Les événements de Fresno sont un exemple des difficultés que nous allons rencontrer.
Les événements de Fresno sont un exemple des difficultés que nous allons rencontrer. À Fresno, l’Espagne a ôté son masque. L’appareil étatique se met en marche et achète, fait pression, contraint, menace et triche de toutes les manières possibles pour éviter que la Fédération catalane de patinage soit reconnue par la FIRS. Avant l’assemblée de Fresno, un nombre élevé de personnes pensaient, naïvement, que l’Espagne croiserait les bras et laisserait le processus suivre son cours. Après Fresno, je crois que personne ne peut en douter, le poids de l’État s’est imposé avec force.

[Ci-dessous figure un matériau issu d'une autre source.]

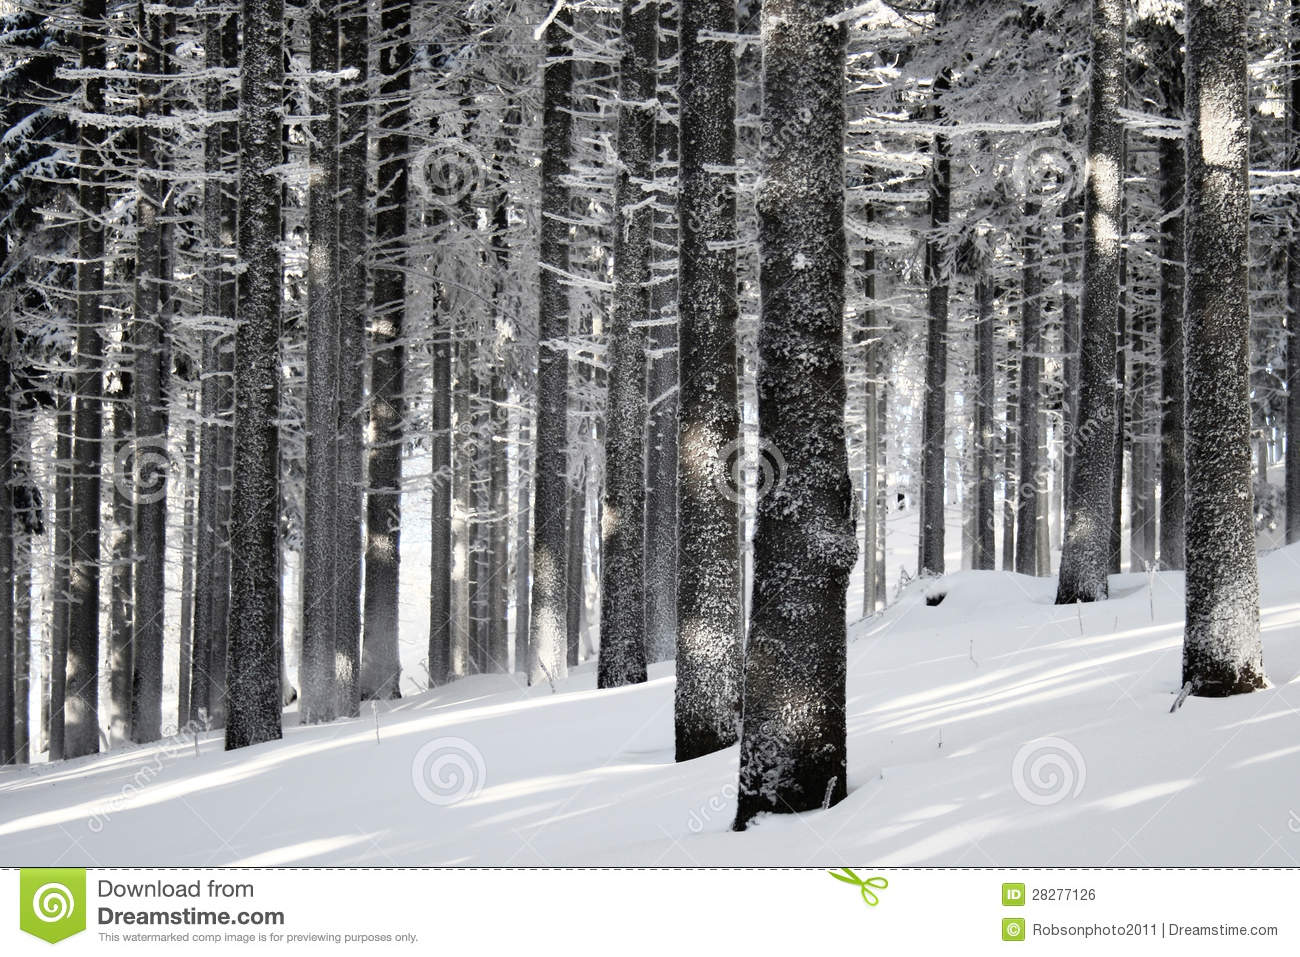 Winter Forest Scene Royalty Free Stock Image   Image  28277126

« La pression des Catalans est fondamentale pour que le processus avance d’une manière positive. Grâce à cette pression, on s’est engagés dans la voie qui mène à la reconnaissance internationale des sélections catalanes. »
Vous croyez qu’à Rome il pourrait se passer quelque chose de semblable ?
Sans aucun doute, l’Espagne fera de nouveau pression sur l’assemblée de Rome pour que la Fédération catalane de patinage soit refusée par la FIRS. Mais cette fois, le processus ne sera pas si bâclé et si évident qu’à Fresno ; je crois que ça se fera avec plus de discrétion. Quoi qu’il en soit, nous verrons ce que l’assemblée décidera.
Vous pensez qu’à l’extérieur de la Catalogne on comprend les revendications visant à obtenir les sélections sportives catalanes ?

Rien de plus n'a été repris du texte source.